What is needed: In the material below, pictures must be dropped. Repeat exactly, and only, the lines from the line with "Sonoma-Cutrer Pinot Noir 2018" to the line with "Sea Crest (M324) - Colorxs Quad Palette", both ends included.

** Given data follows **

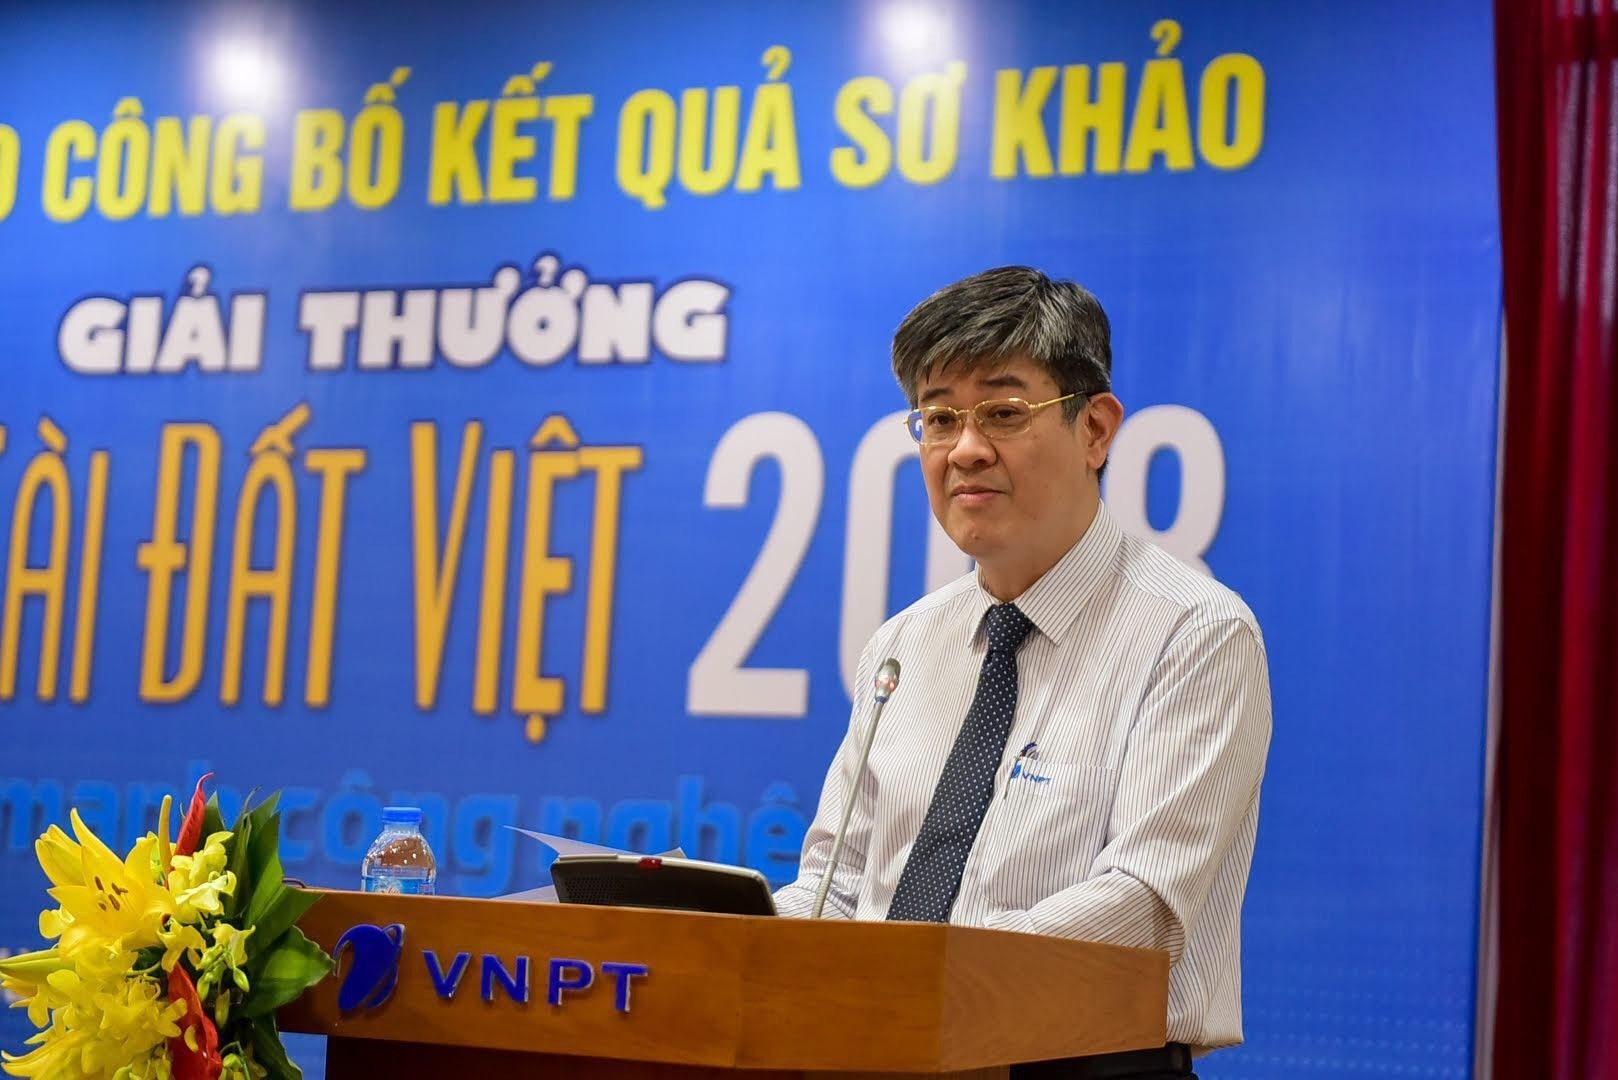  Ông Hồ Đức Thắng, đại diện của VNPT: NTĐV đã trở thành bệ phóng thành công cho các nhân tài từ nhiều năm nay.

** End of Given data **
** Given data follows **

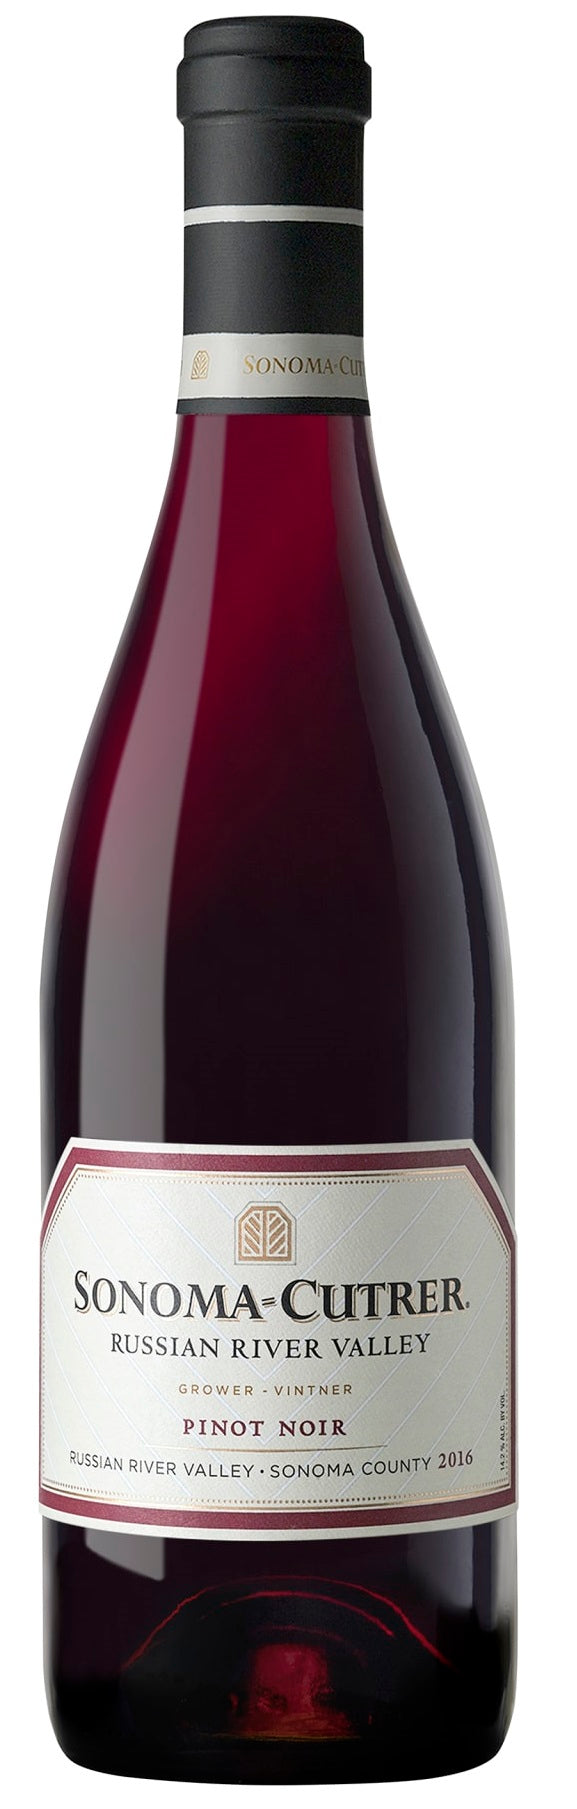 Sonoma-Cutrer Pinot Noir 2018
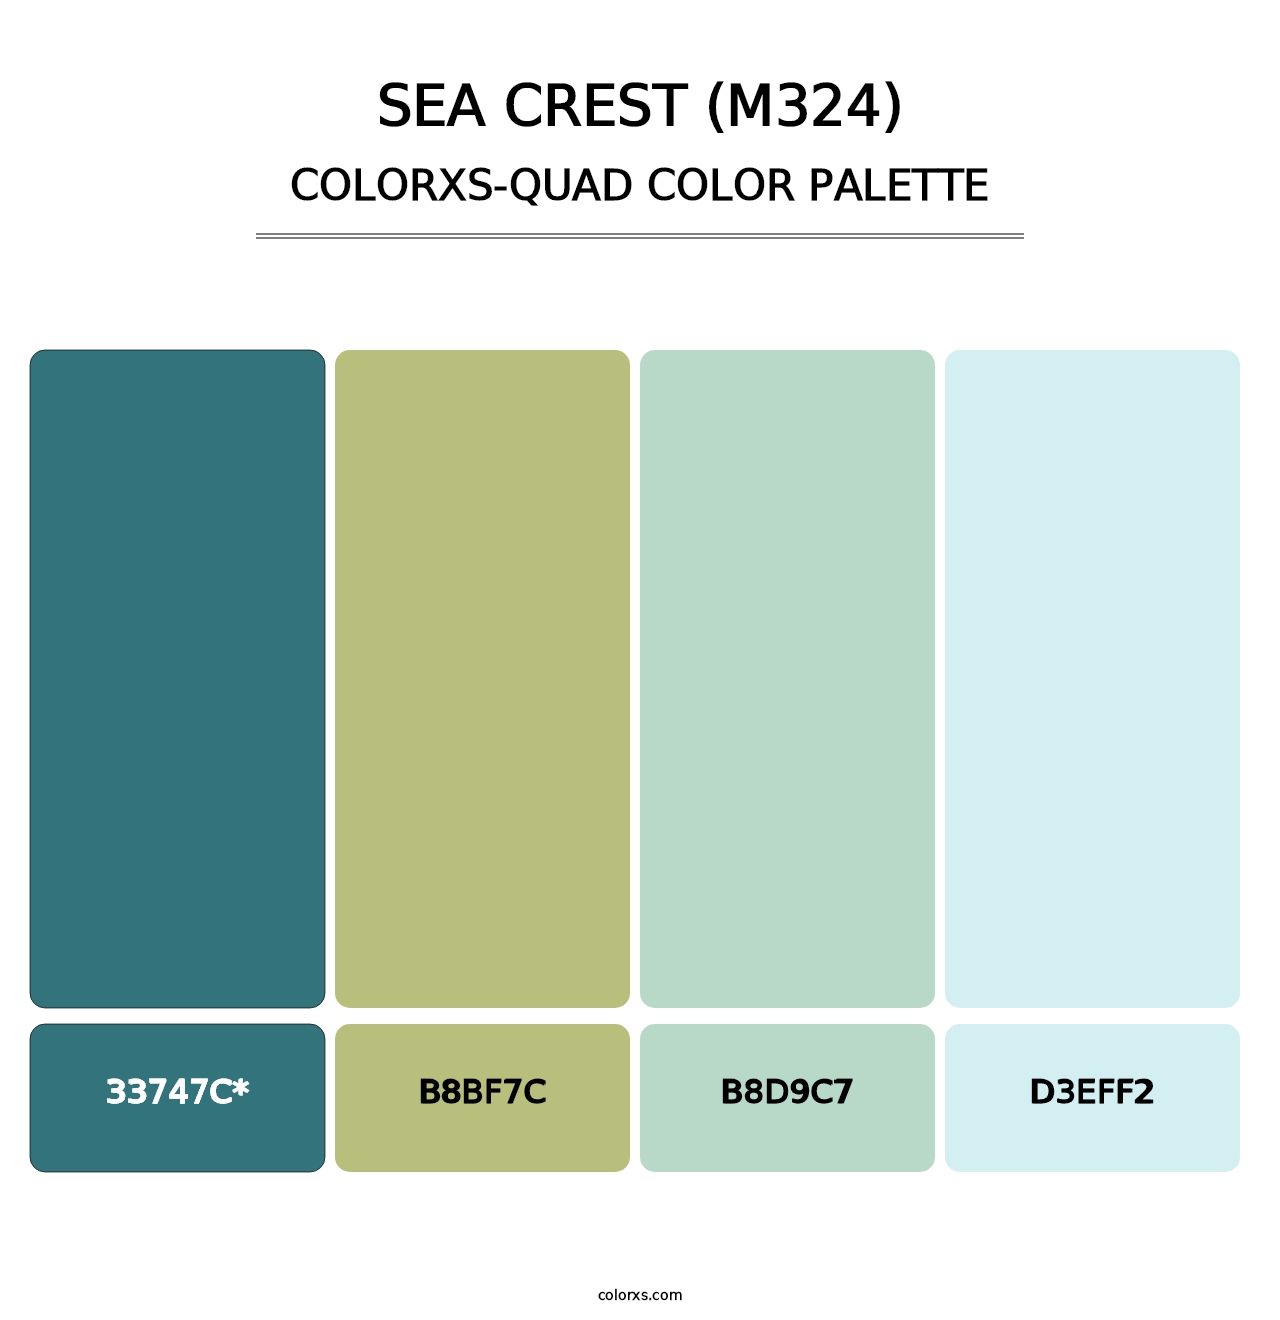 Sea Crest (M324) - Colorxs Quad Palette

** End of Given data **

Problem solution:
 Sonoma-Cutrer Pinot Noir 2018
 Sea Crest (M324) - Colorxs Quad Palette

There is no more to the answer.